TASK ITEM: Under this line sits a listing. Repeat exactly and only its lines from the one holding "Bramble Golf Ball." through the one holding "A good example"; skip pictures.

INFORMATION:

══════

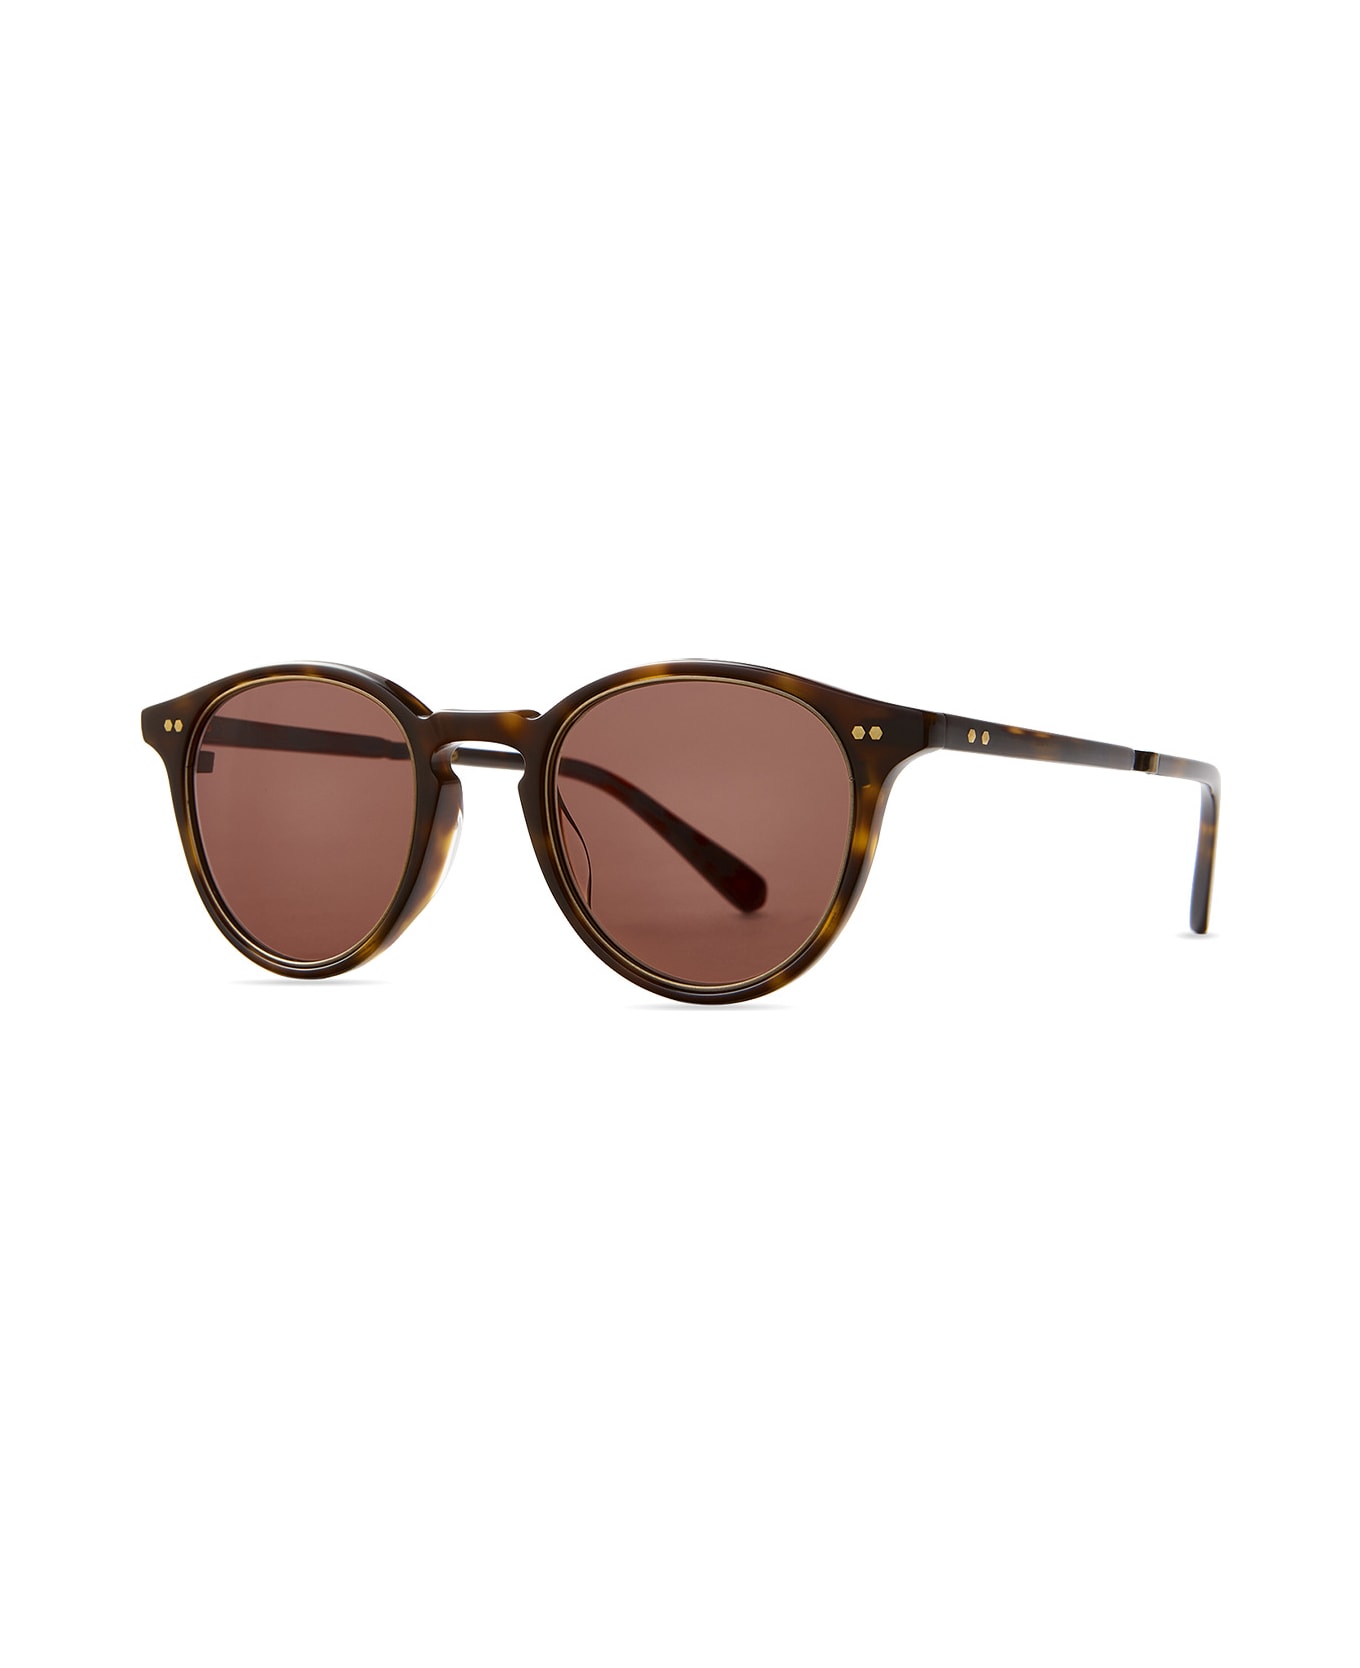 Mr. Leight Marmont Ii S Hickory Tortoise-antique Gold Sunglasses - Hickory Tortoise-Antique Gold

══════

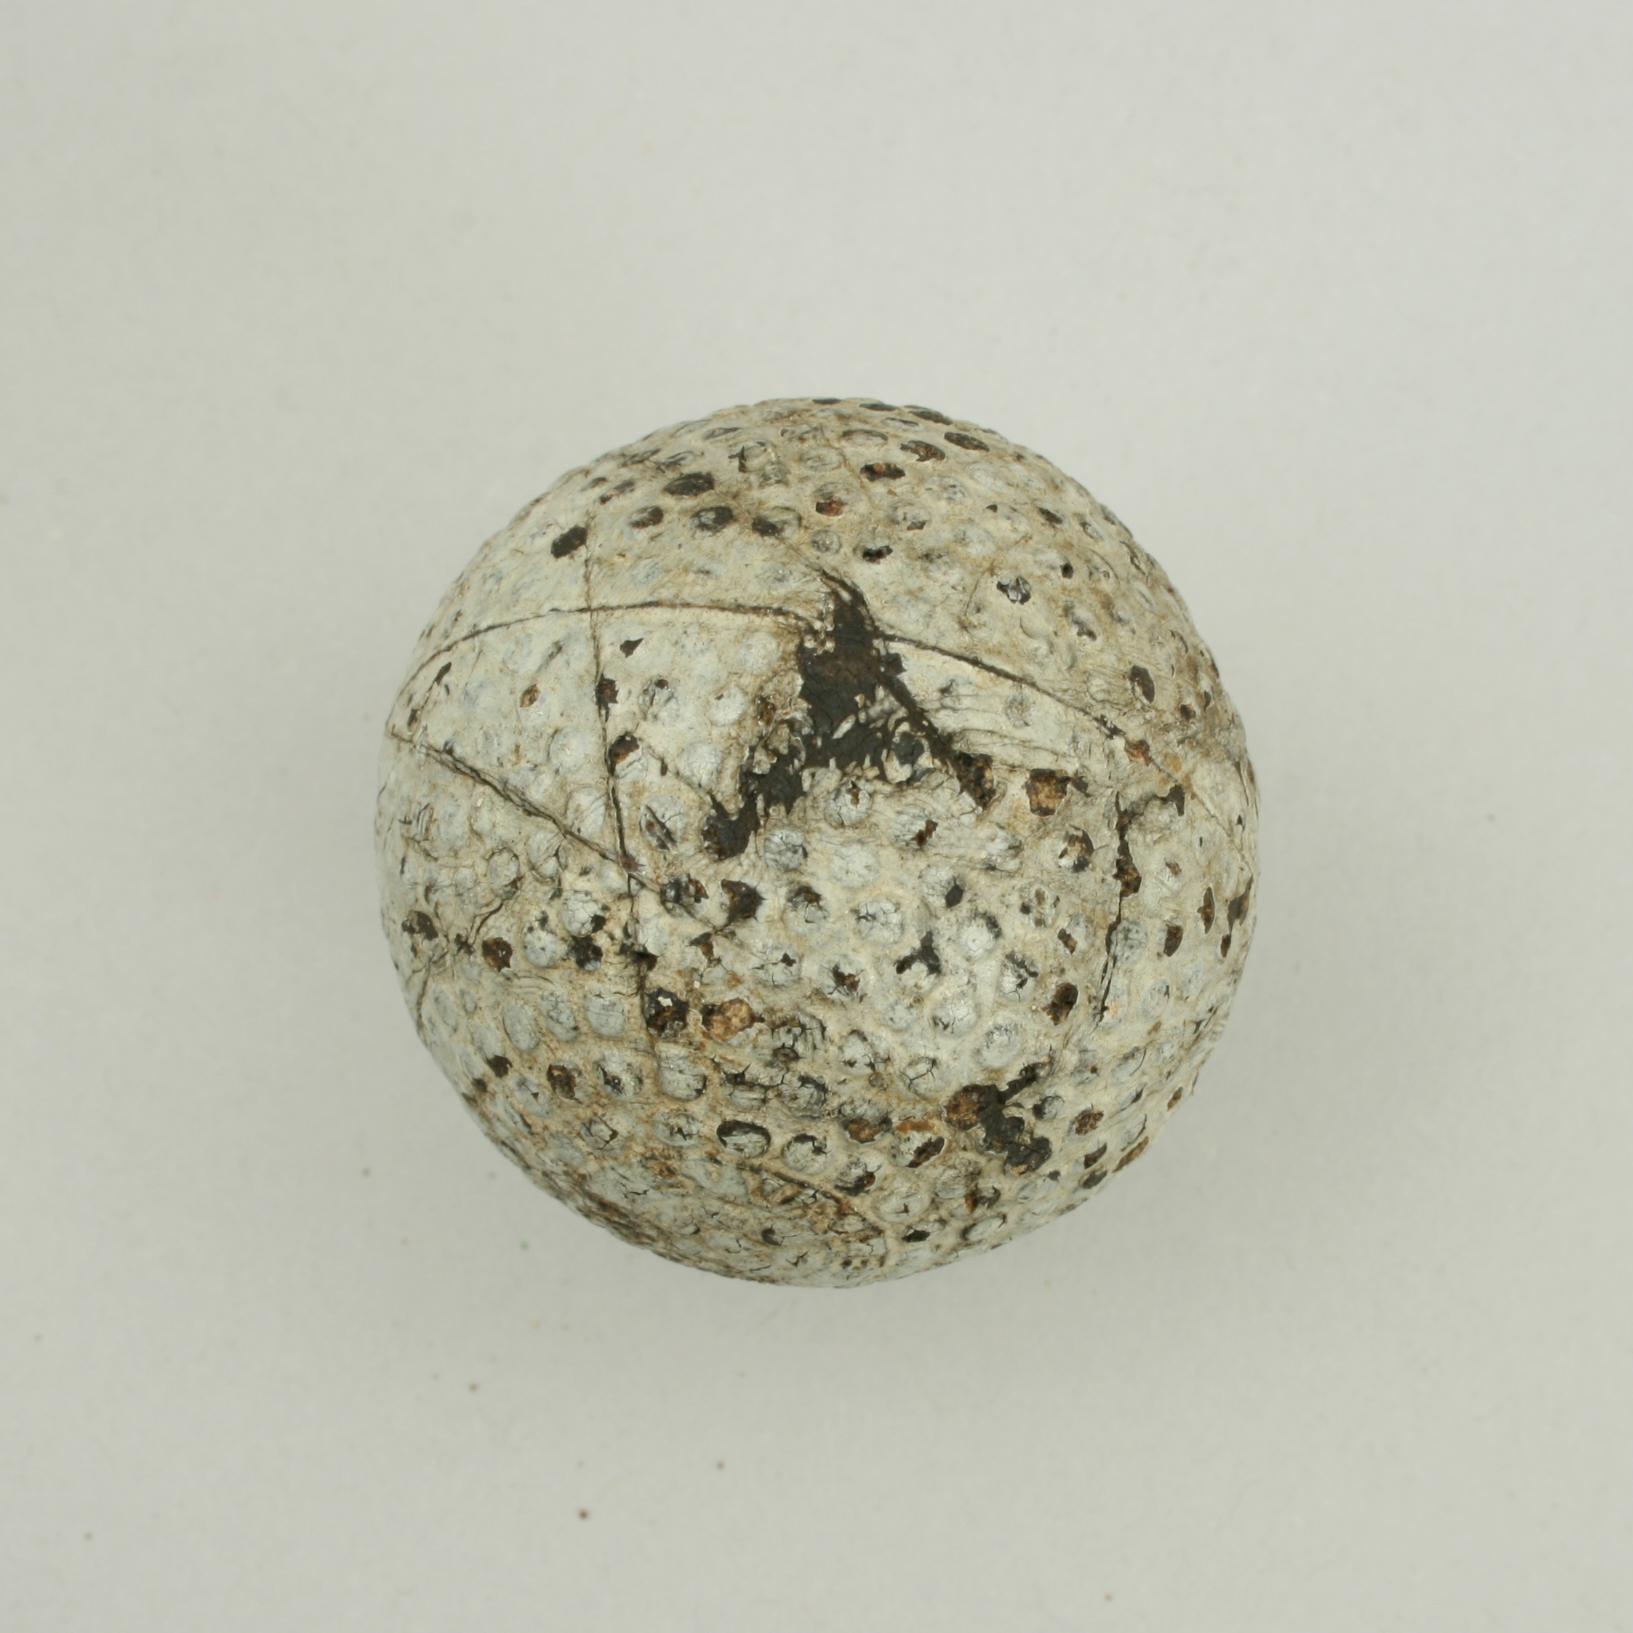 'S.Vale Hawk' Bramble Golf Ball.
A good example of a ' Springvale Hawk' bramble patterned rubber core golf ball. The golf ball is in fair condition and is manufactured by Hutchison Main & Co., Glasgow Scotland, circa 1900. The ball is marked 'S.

══════

ANSWER SECTION:
 'S.Vale Hawk' Bramble Golf Ball.
A good example of a ' Springvale Hawk' bramble patterned rubber core golf ball. The golf ball is in fair condition and is manufactured by Hutchison Main & Co., Glasgow Scotland, circa 1900. The ball is marked 'S.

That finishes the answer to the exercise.